--- Data excerpts ---

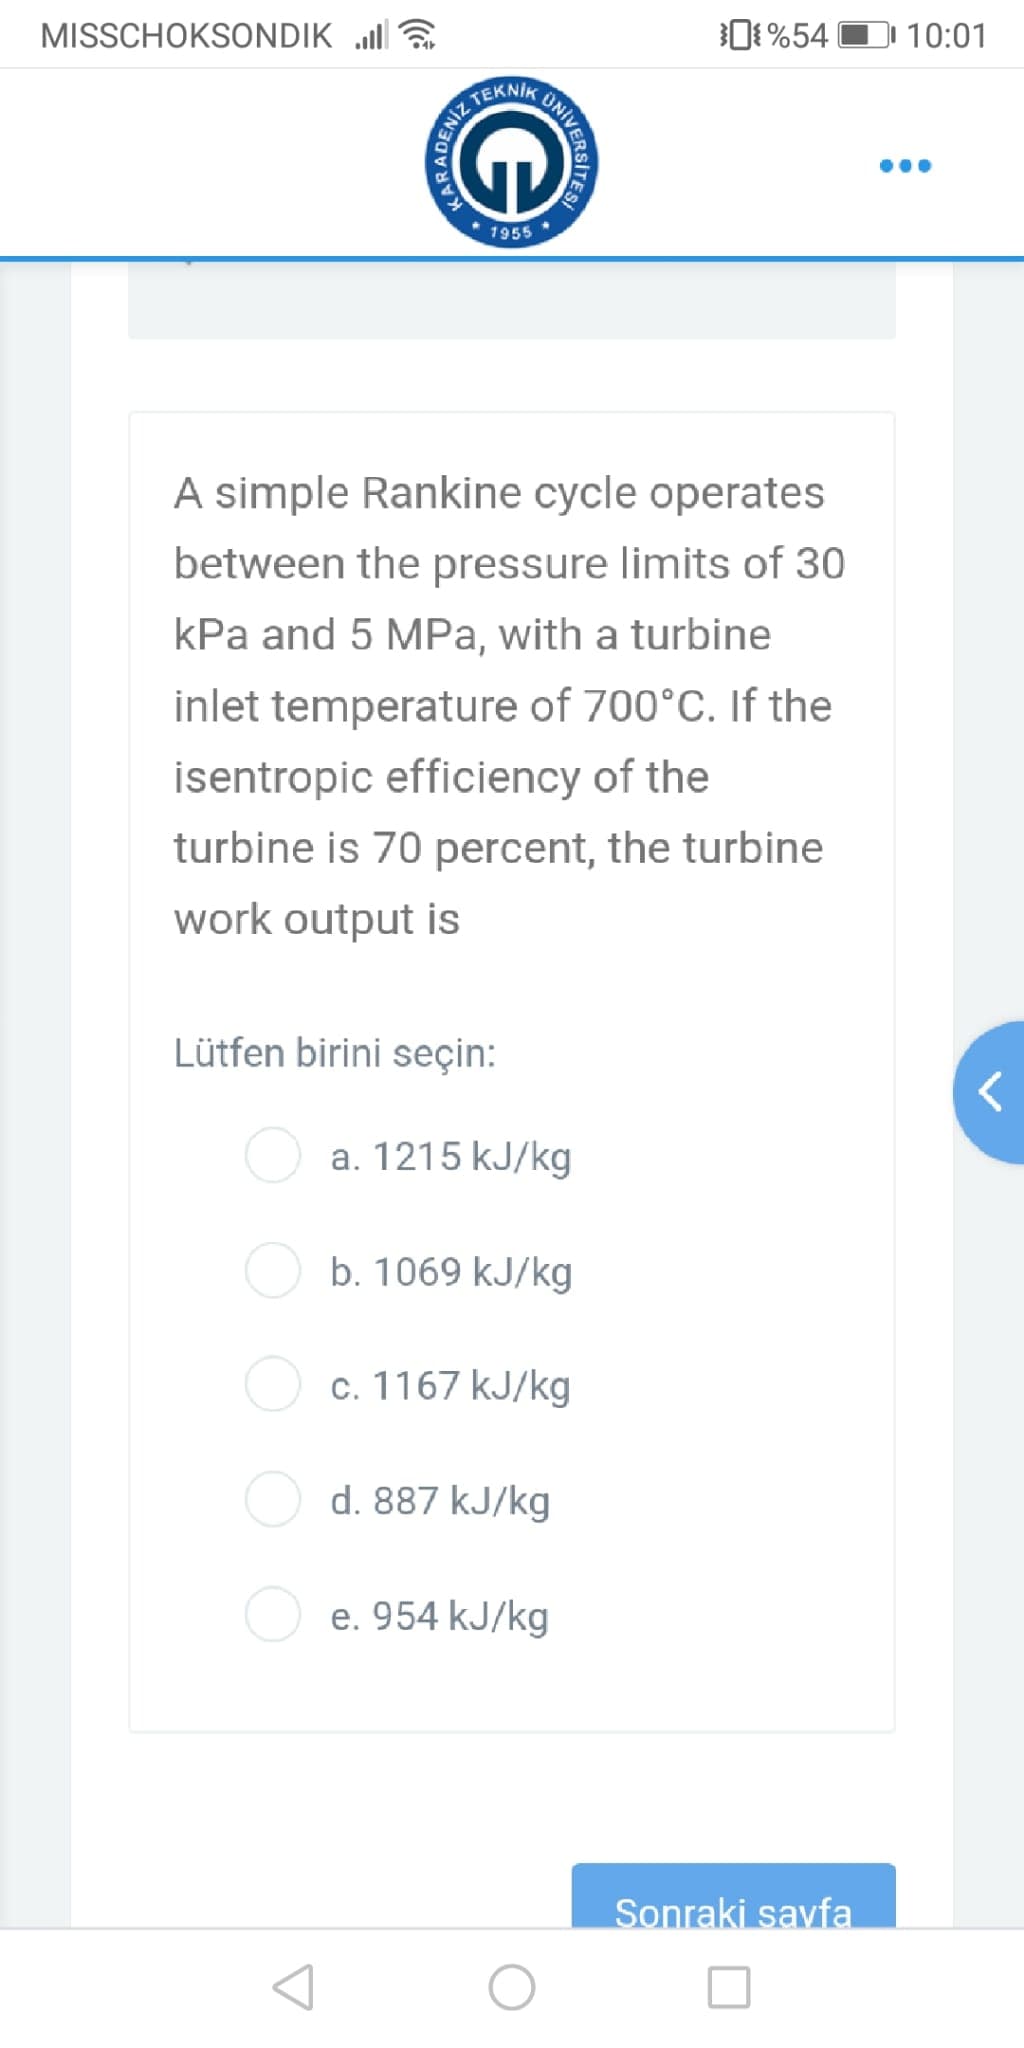 MISSCHOKSONDIK a
O %54 O 10:01
TEKNIK
1955
A simple Rankine cycle operates
between the pressure limits of 30
kPa and 5 MPa, with a turbine
inlet temperature of 700°C. If the
isentropic efficiency of the
turbine is 70 percent, the turbine
work output is
Lütfen birini seçin:
O a. 1215 kJ/kg
O b. 1069 kJ/kg
O c. 1167 kJ/kg
d. 887 kJ/kg
e. 954 kJ/kg
Sonraki savfa
KAR
RADE
ENİZ
KUNIVER
ERSITES!
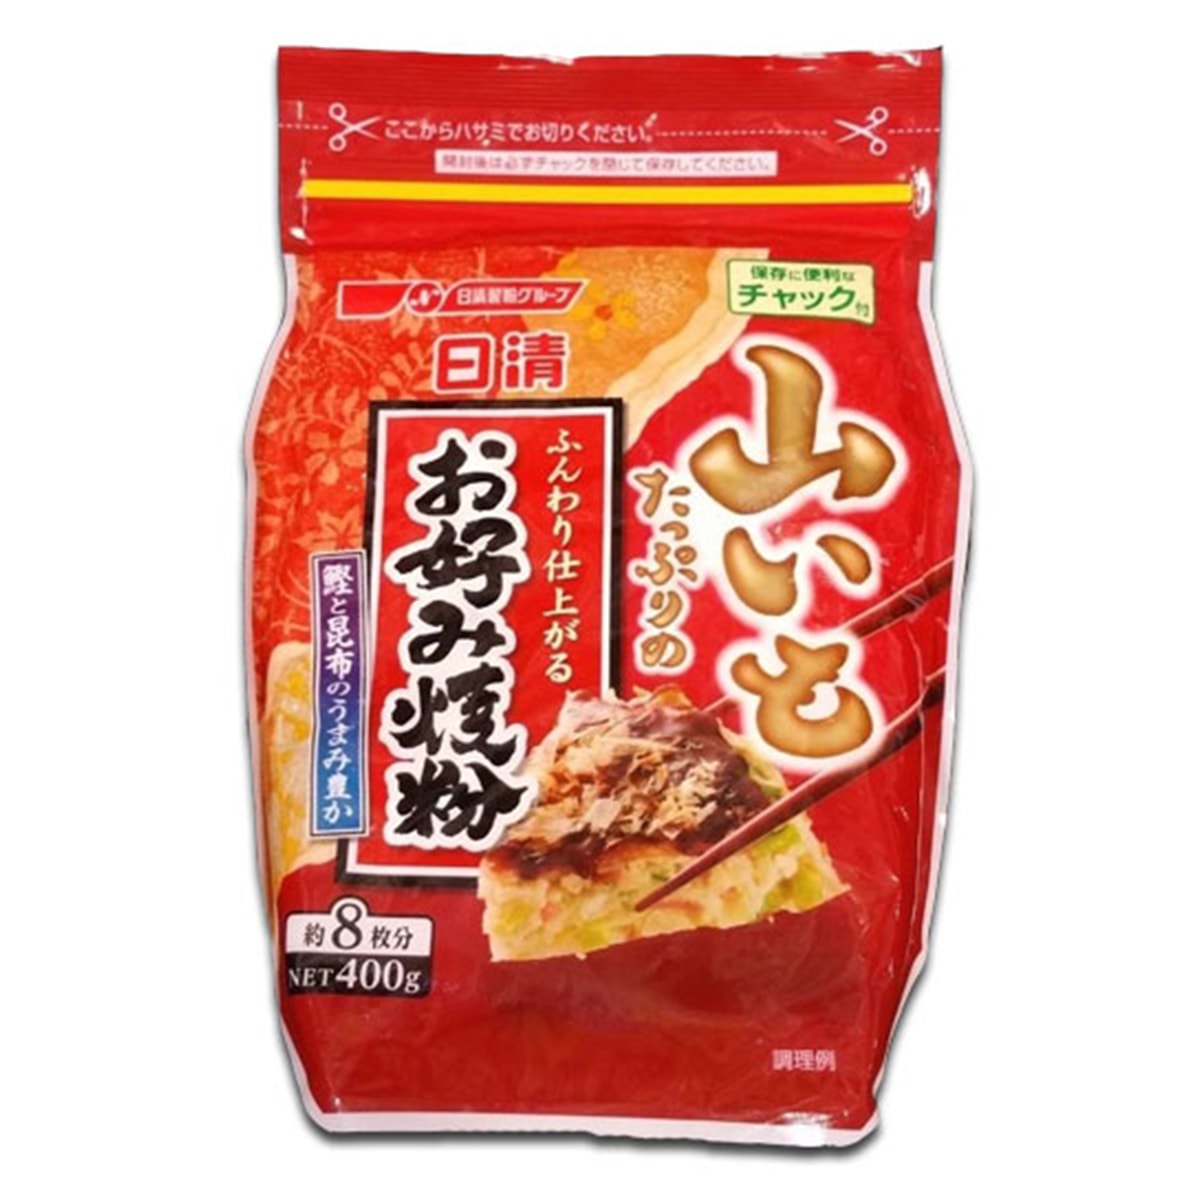 Buy Nisshin Okonomiyaki Flour (Japanese Savoury Pancake Mix) - 400 gm

---

### Work instruction
Each line above should be written out again exactly, without any image.

### Exercise output
 MISSCHOKSONDIK a
O %54 O 10:01
TEKNIK
1955
A simple Rankine cycle operates
between the pressure limits of 30
kPa and 5 MPa, with a turbine
inlet temperature of 700°C. If the
isentropic efficiency of the
turbine is 70 percent, the turbine
work output is
Lütfen birini seçin:
O a. 1215 kJ/kg
O b. 1069 kJ/kg
O c. 1167 kJ/kg
d. 887 kJ/kg
e. 954 kJ/kg
Sonraki savfa
KAR
RADE
ENİZ
KUNIVER
ERSITES!
 Buy Nisshin Okonomiyaki Flour (Japanese Savoury Pancake Mix) - 400 gm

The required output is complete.